* Instructions for the task: Write out the line that holds "Kupplerin by Vermeer Canvas Print or Poster" together with every line that follows it to the end of the material below, exactly. Omit the pictures.

* Data:

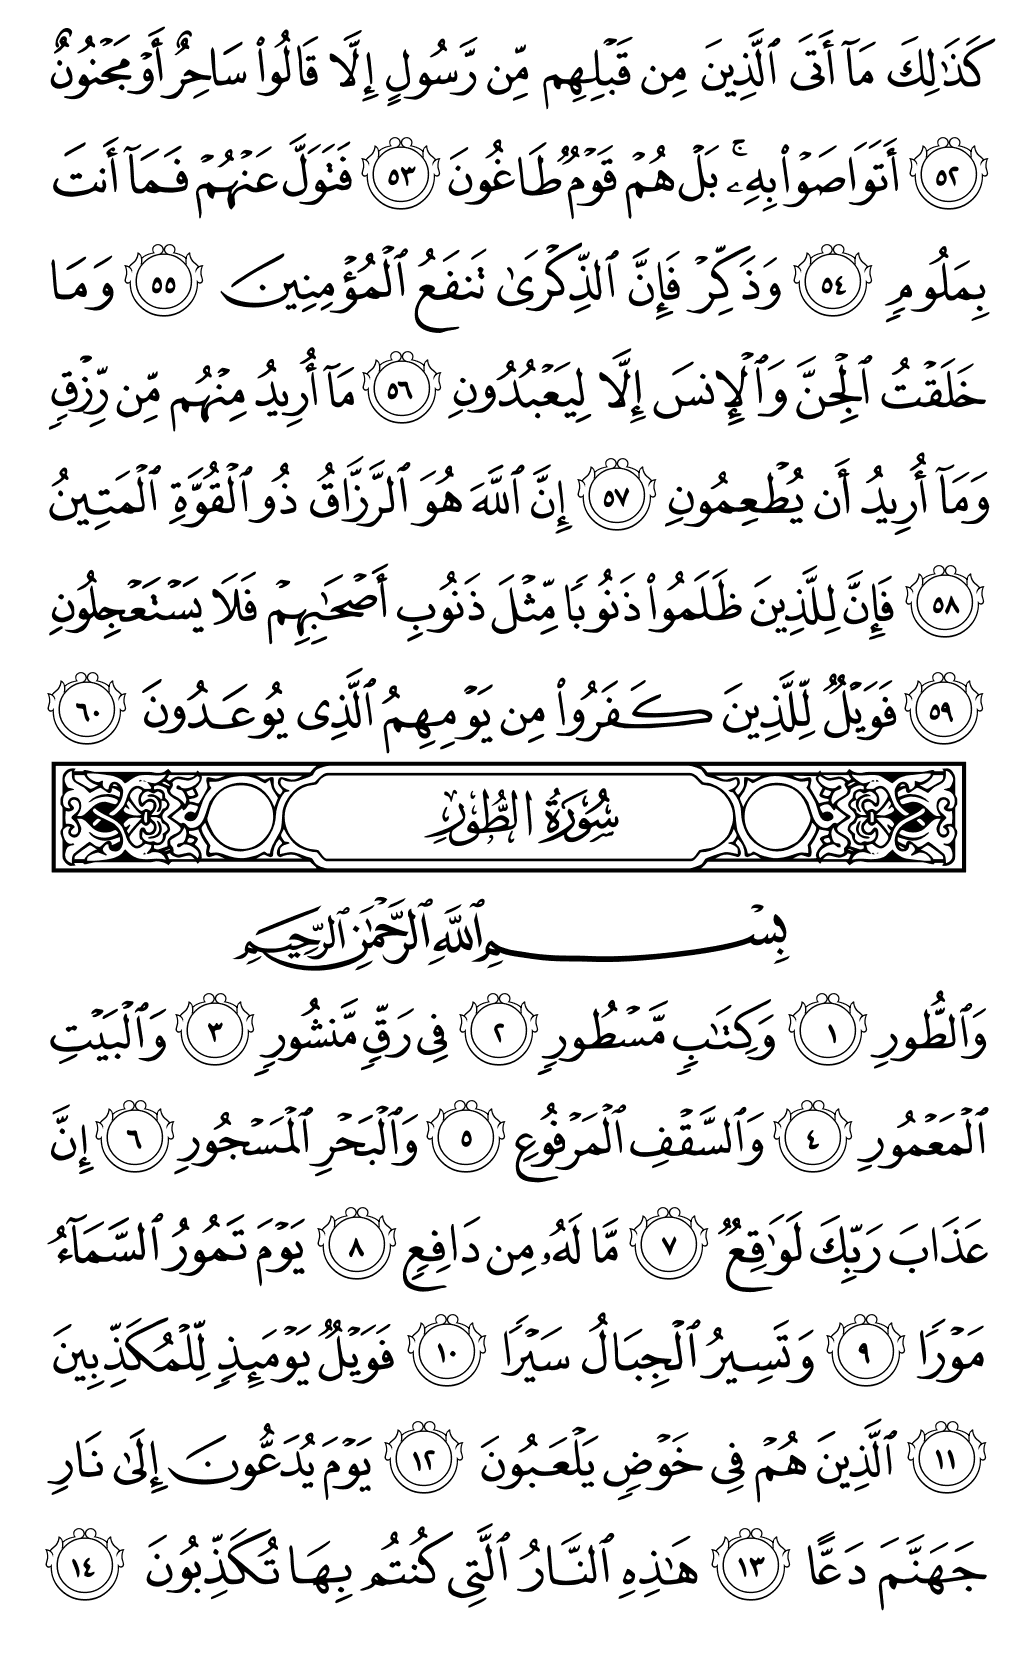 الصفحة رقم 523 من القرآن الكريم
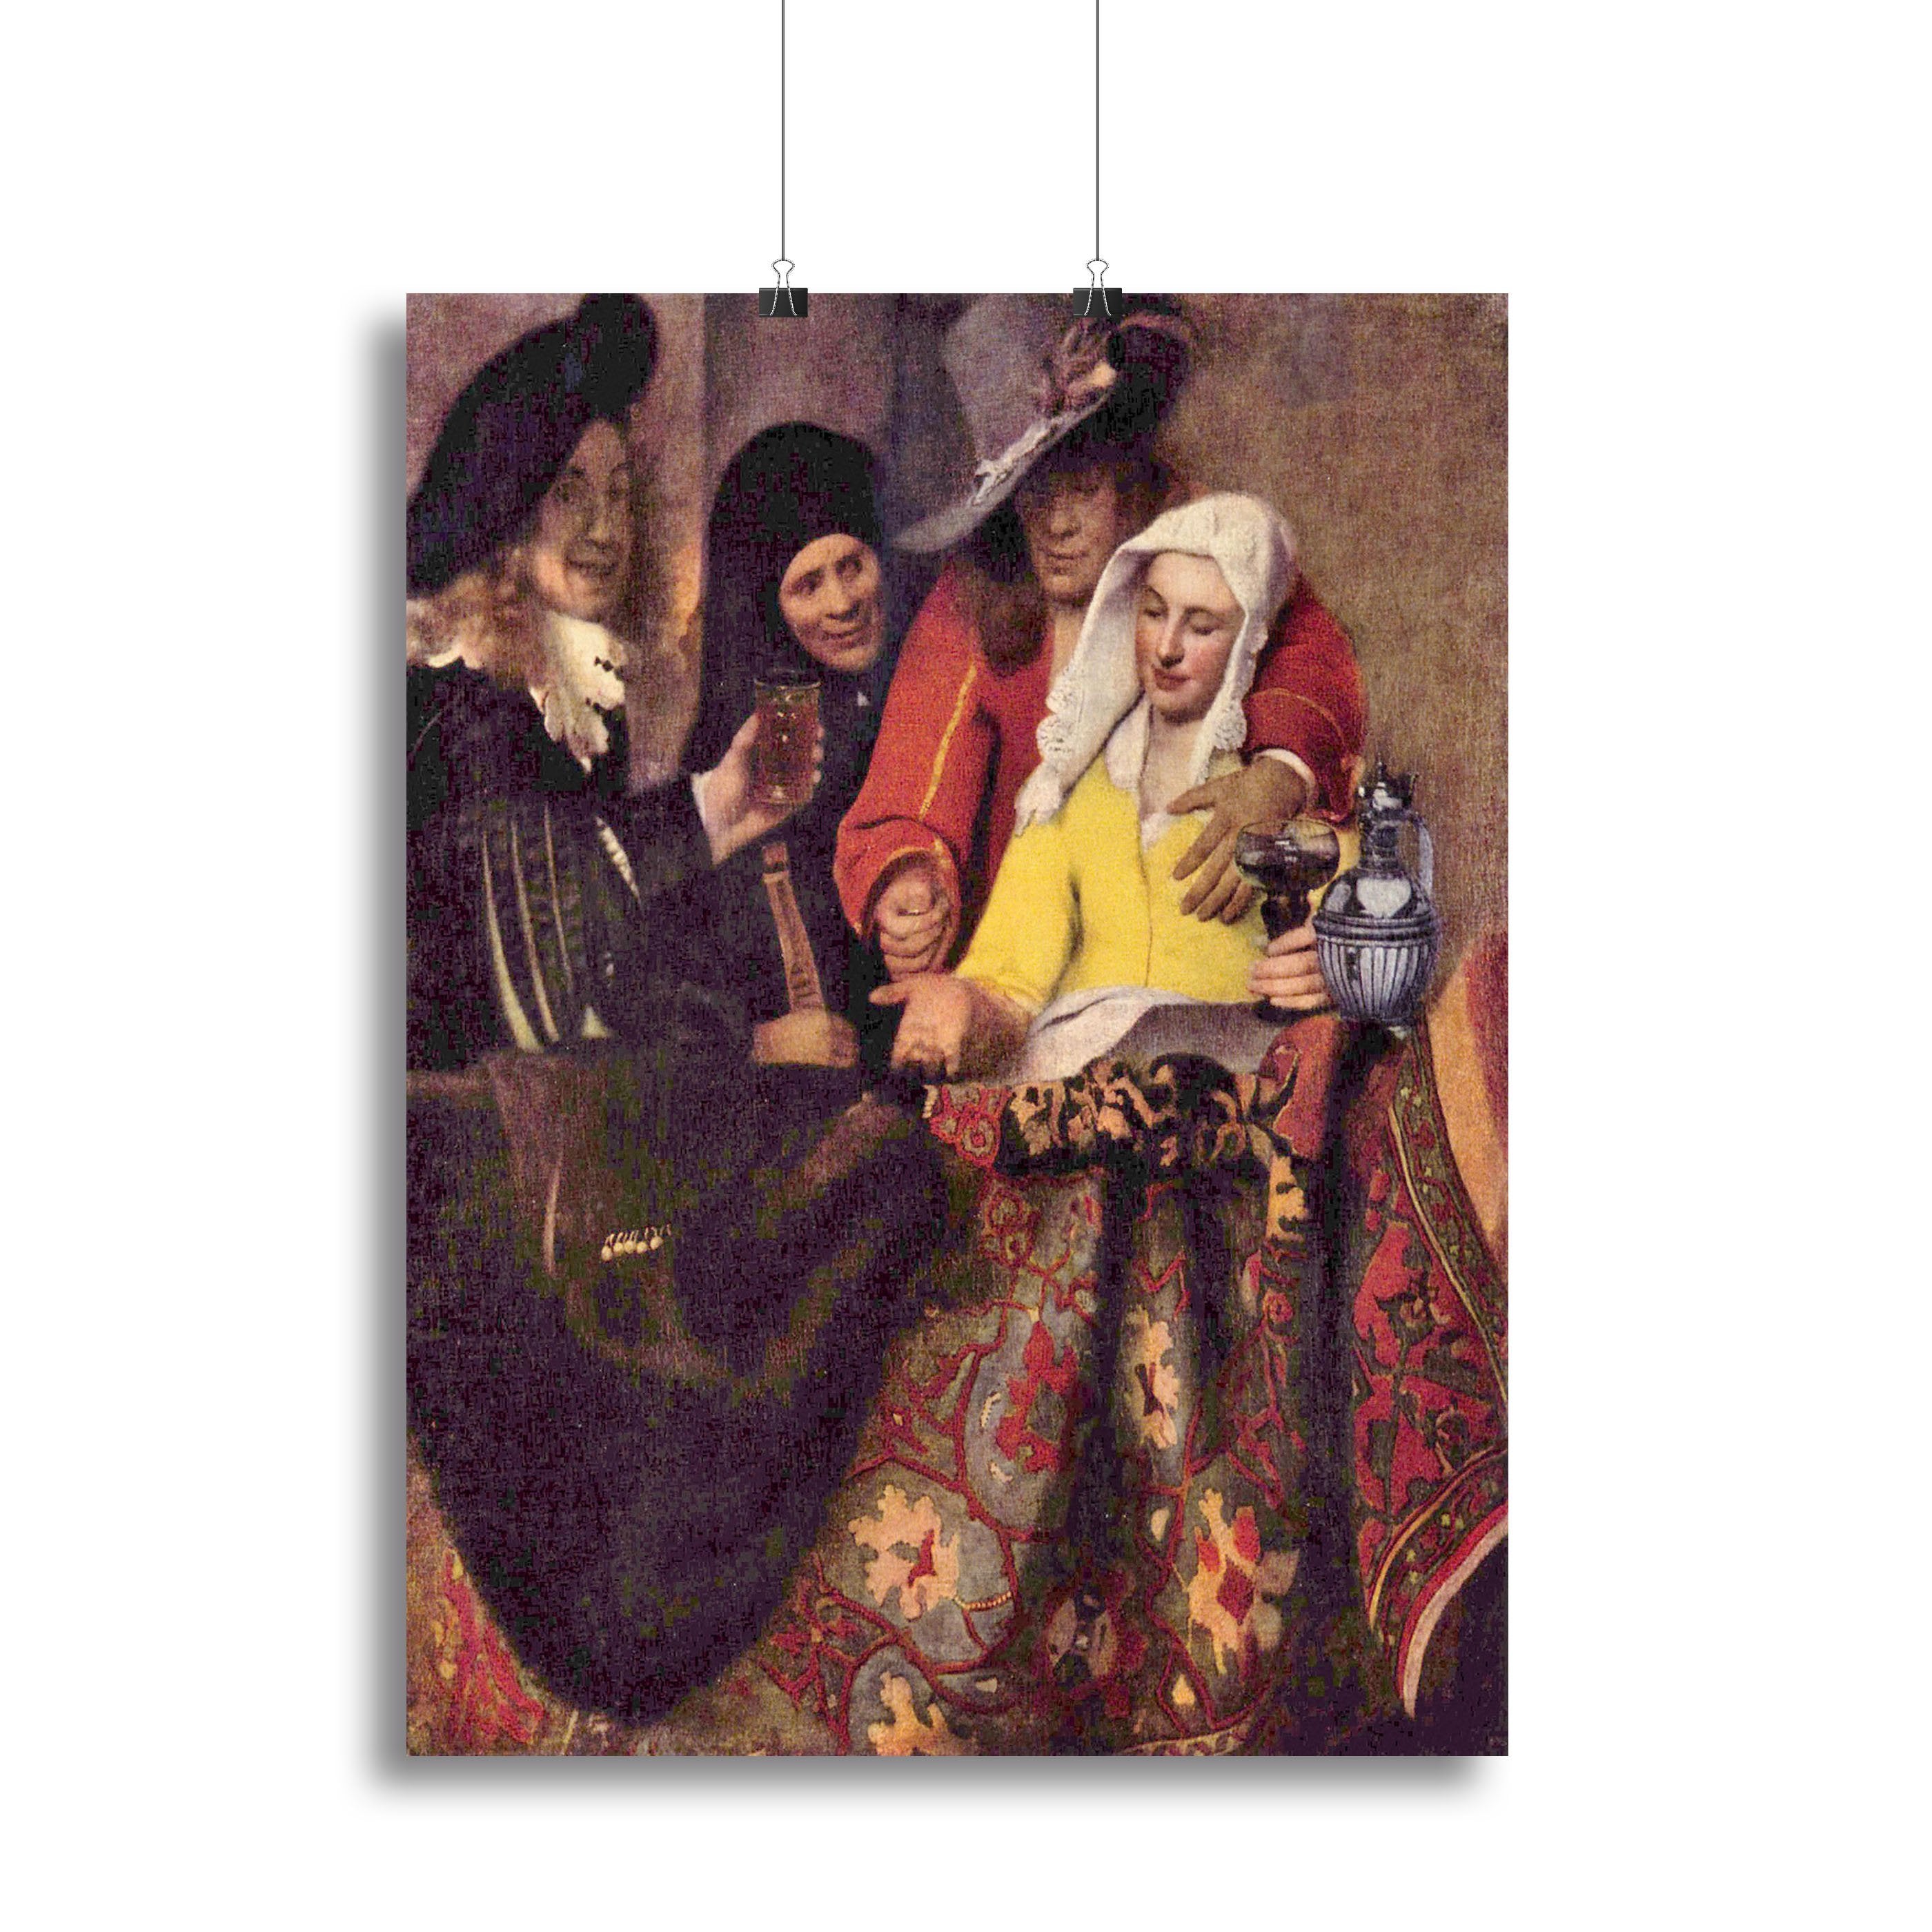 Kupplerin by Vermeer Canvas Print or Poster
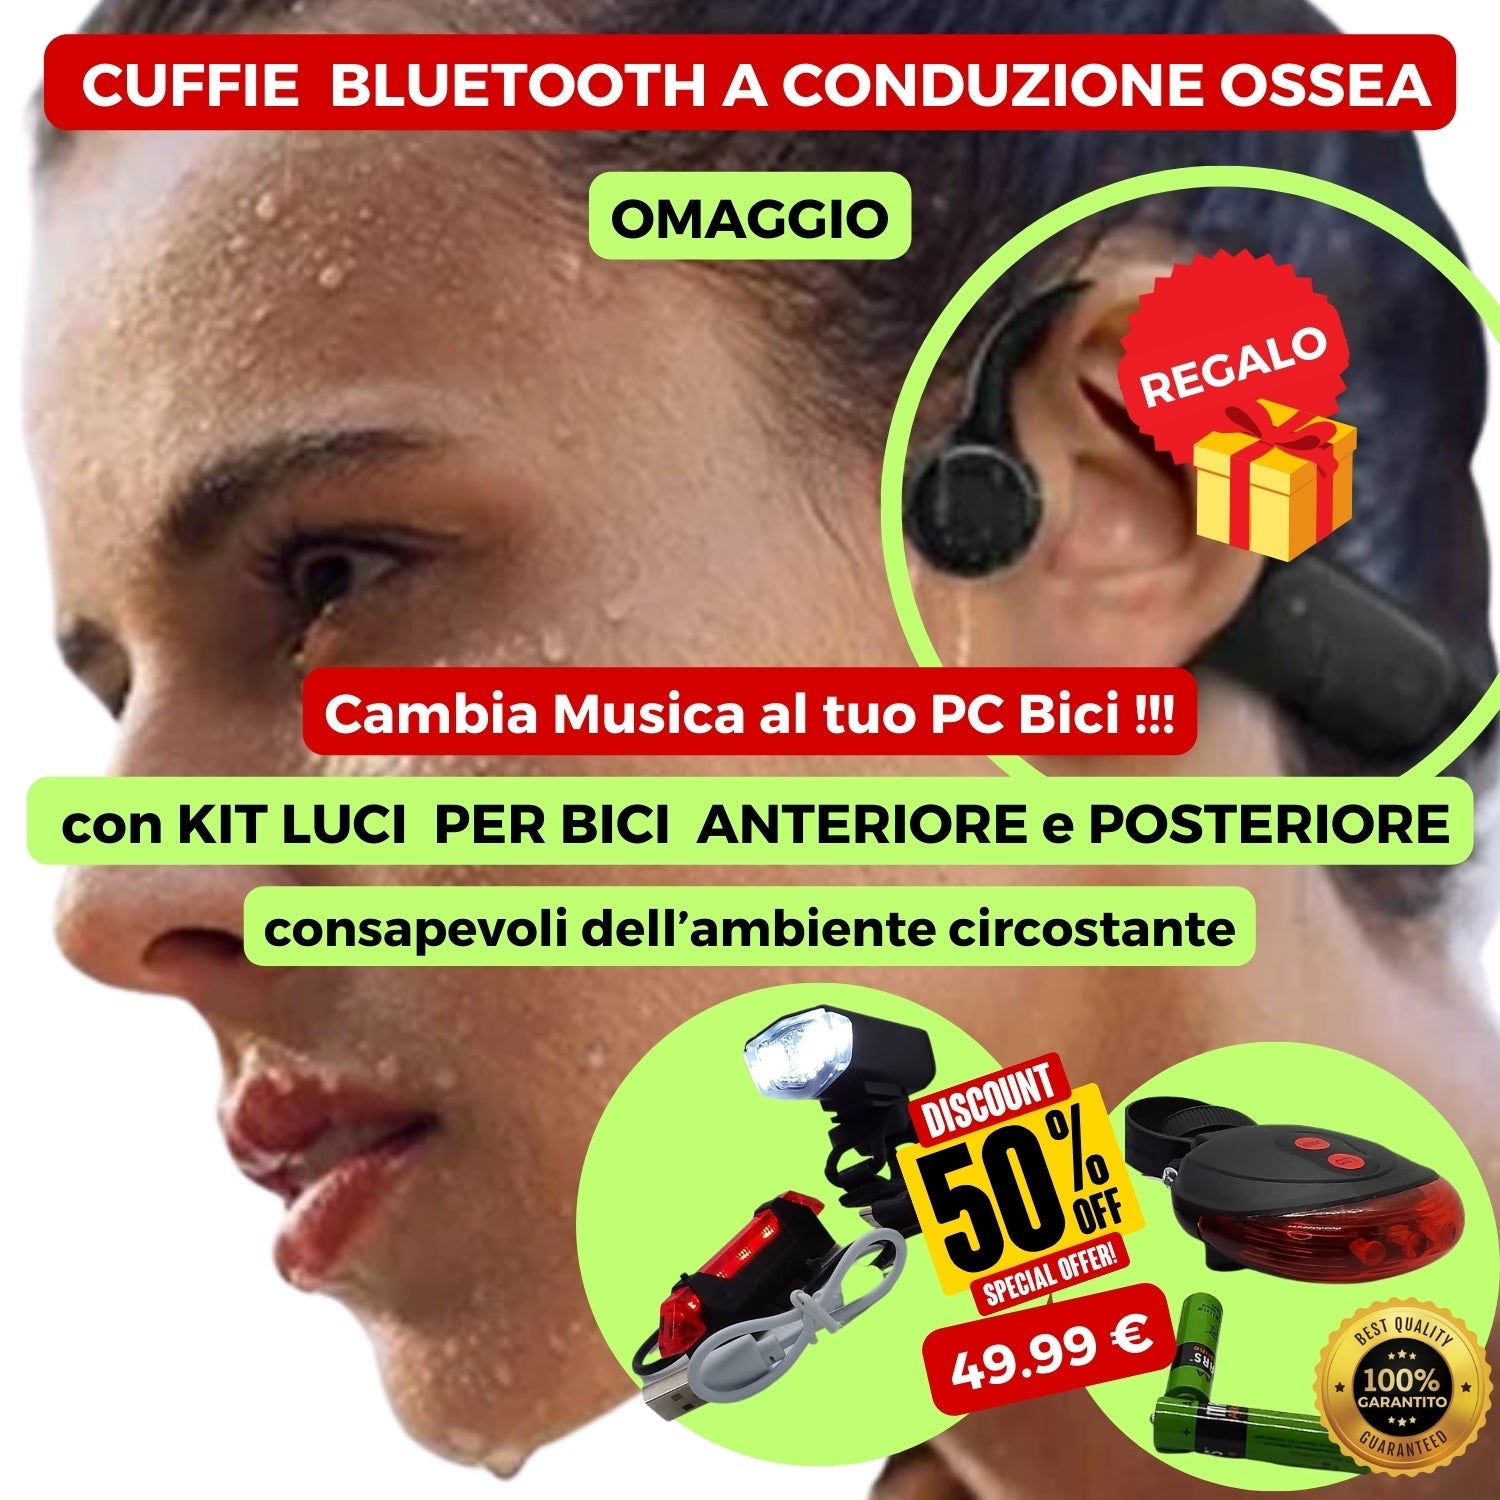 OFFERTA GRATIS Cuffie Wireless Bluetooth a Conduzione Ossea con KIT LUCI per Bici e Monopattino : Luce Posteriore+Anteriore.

* Response:
 Kupplerin by Vermeer Canvas Print or Poster
 OFFERTA GRATIS Cuffie Wireless Bluetooth a Conduzione Ossea con KIT LUCI per Bici e Monopattino : Luce Posteriore+Anteriore.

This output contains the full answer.